==== Collected data ====
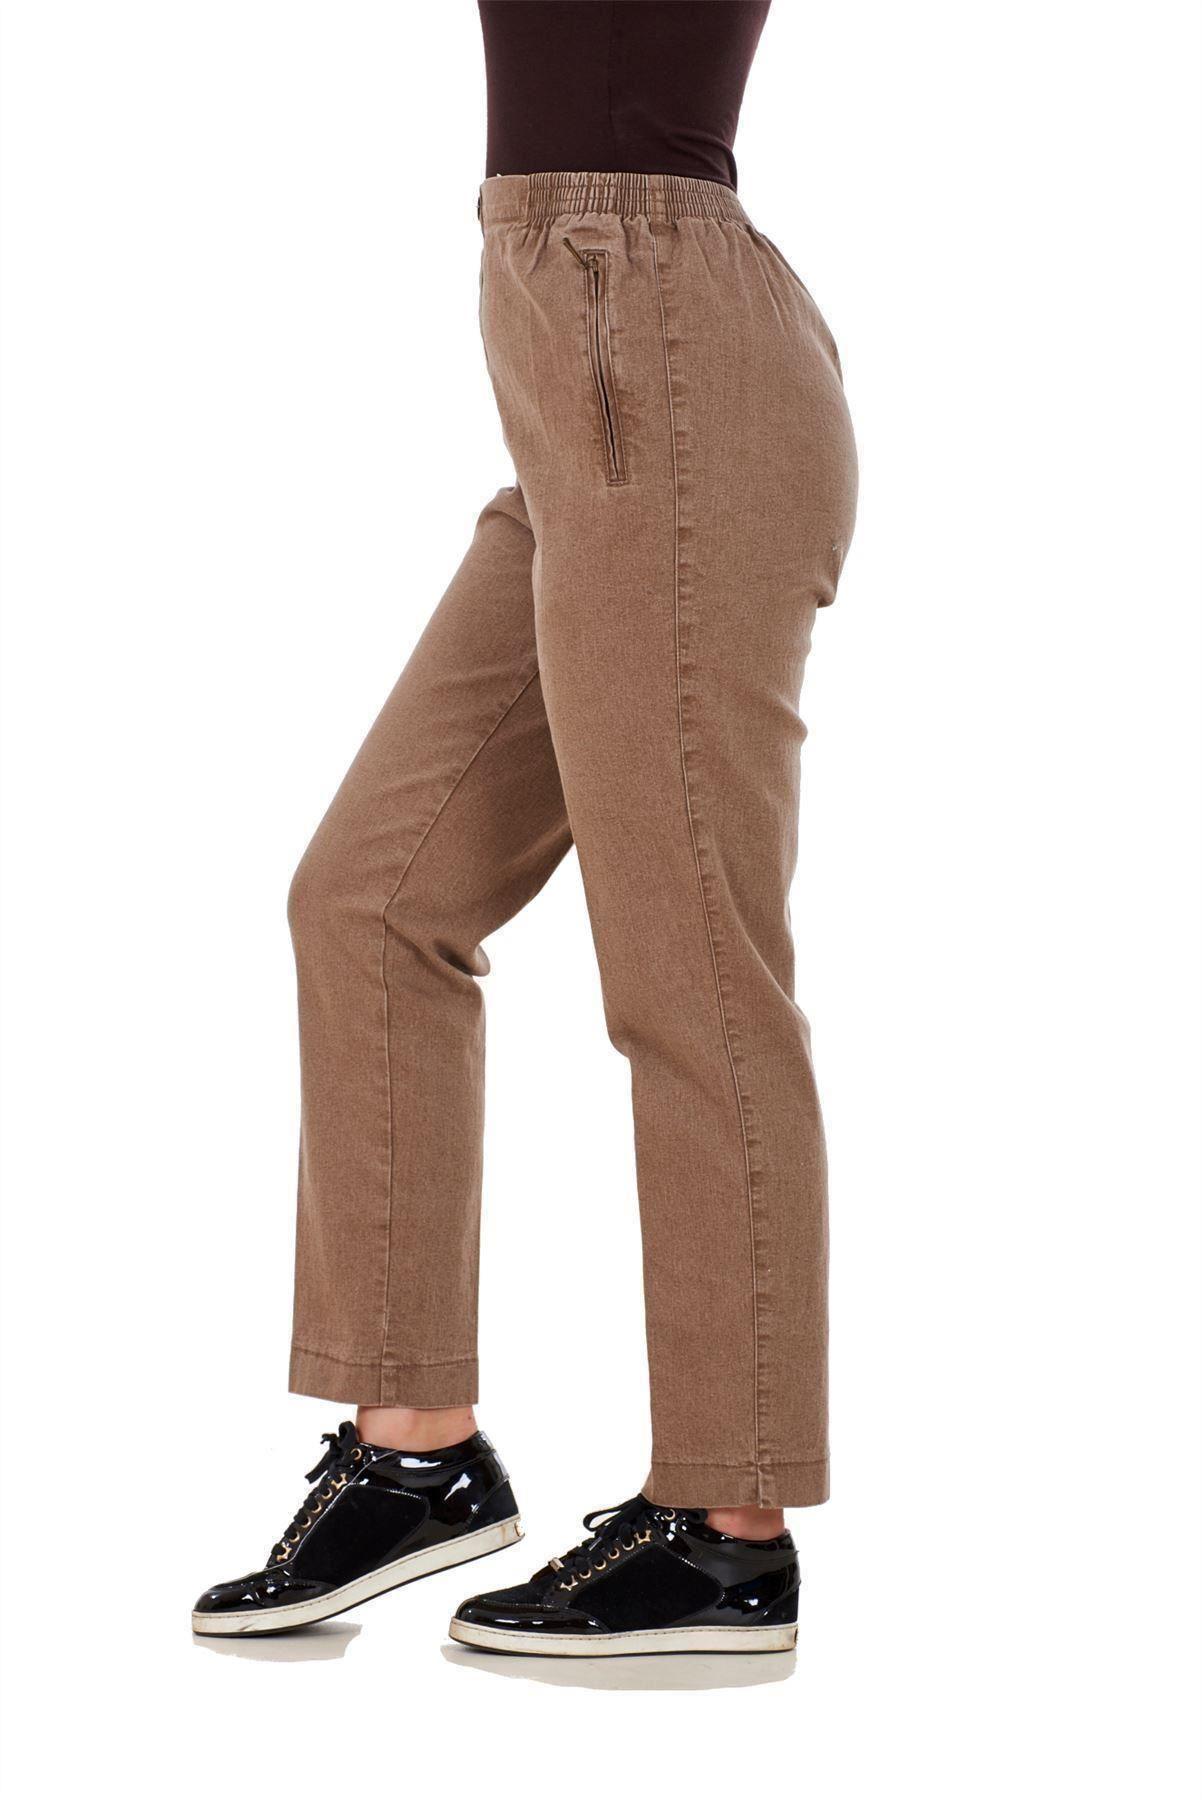 Ladies-Women-Trousers-Rayon-Cotton-Pockets-Elasticated-Stretch-Black-pants-8-24 thumbnail 3
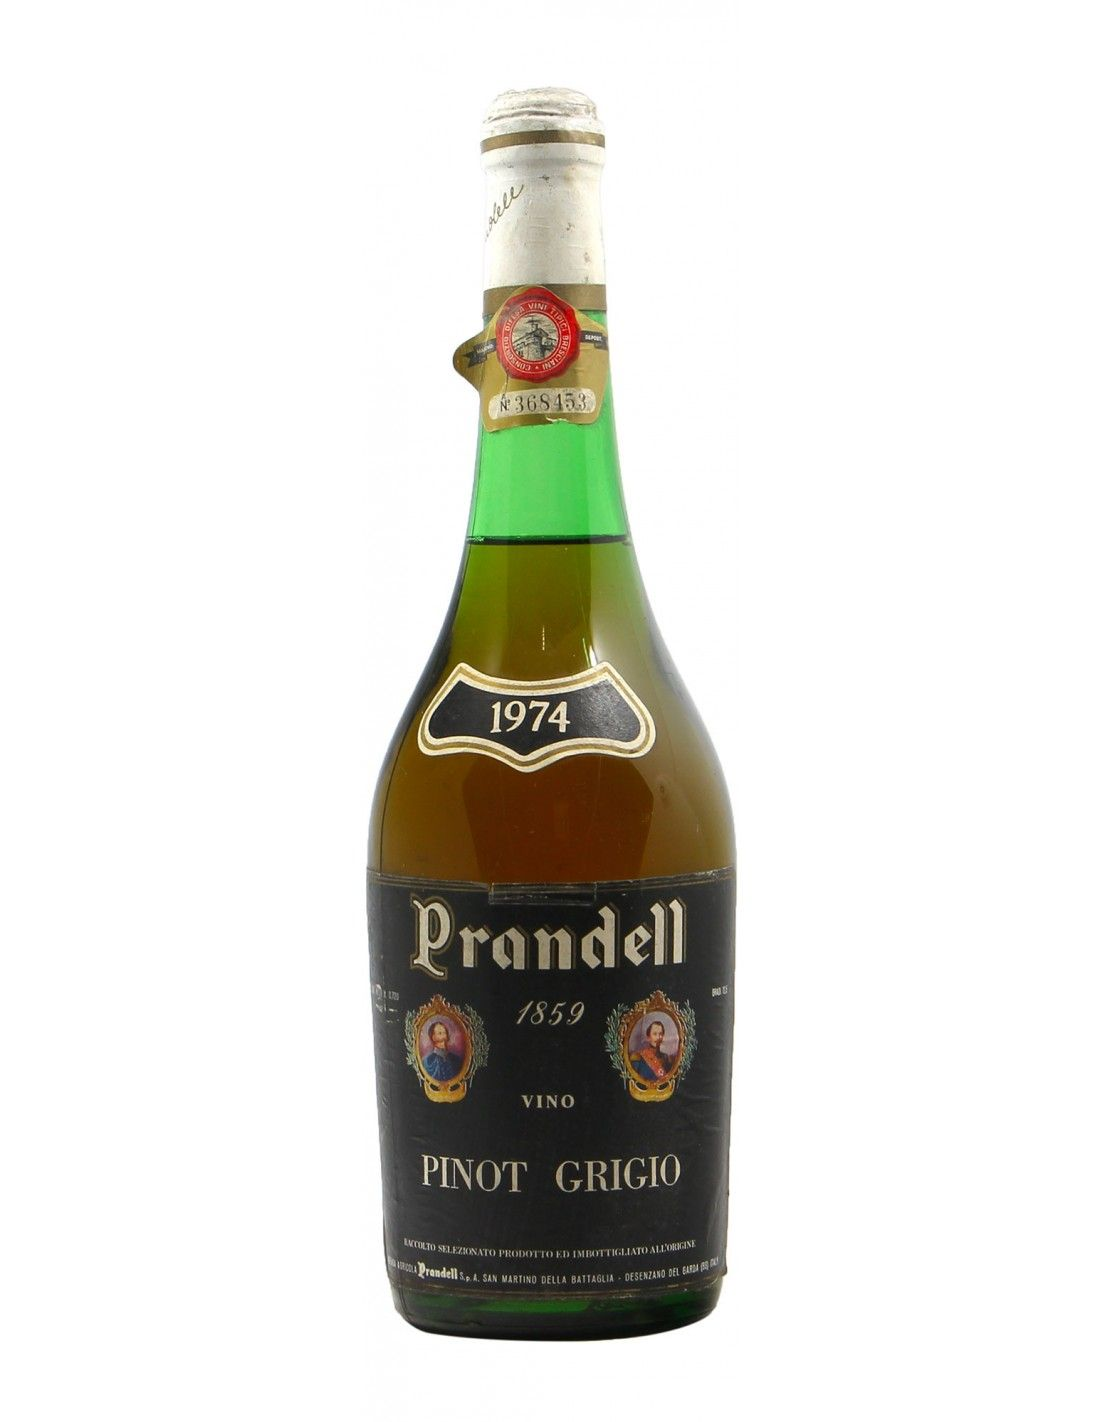 Pinot Grigio 1974 PRANDELL GRANDI BOTTIGLIE
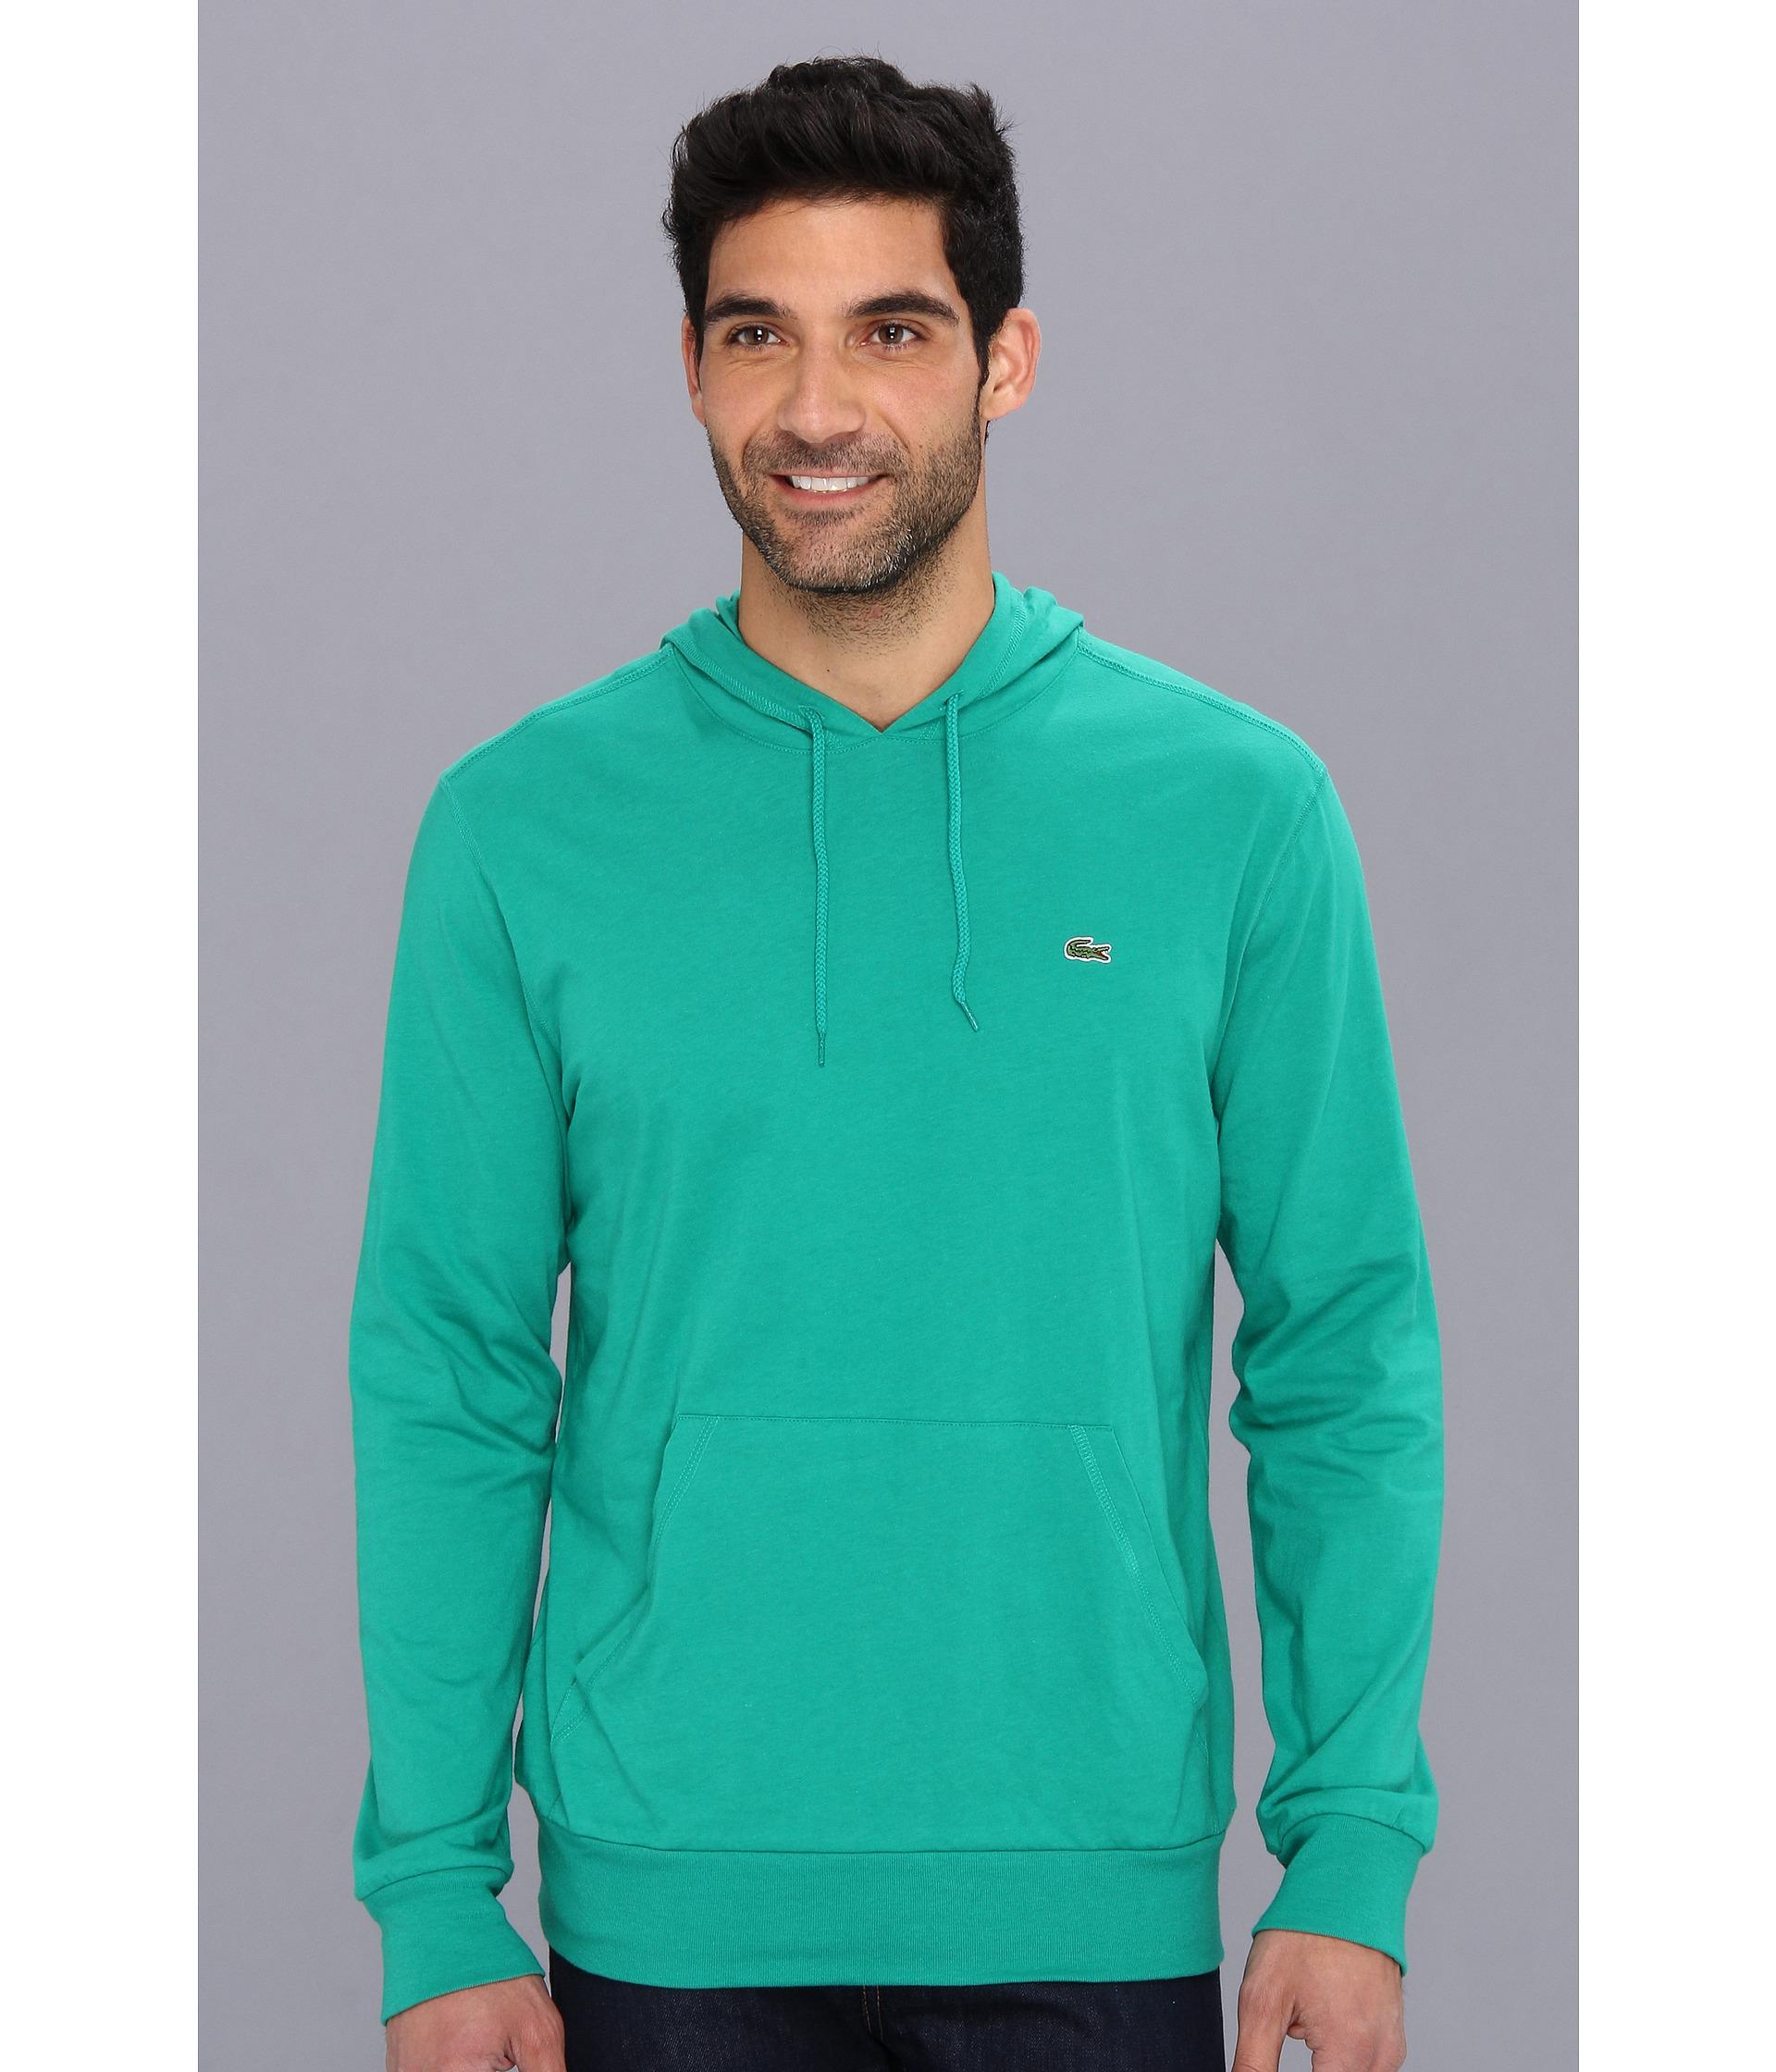 lacoste jersey tshirt hoodie in green for men lyst
====
*Directions*
Exclude all pictures and reproduce verbatim the lines running from the line that contains "Pinot Grigio 1974 PRANDELL GRANDI BOTTIGLIE" to the end of the data above, both ends included.

*Reply*
 Pinot Grigio 1974 PRANDELL GRANDI BOTTIGLIE
 lacoste jersey tshirt hoodie in green for men lyst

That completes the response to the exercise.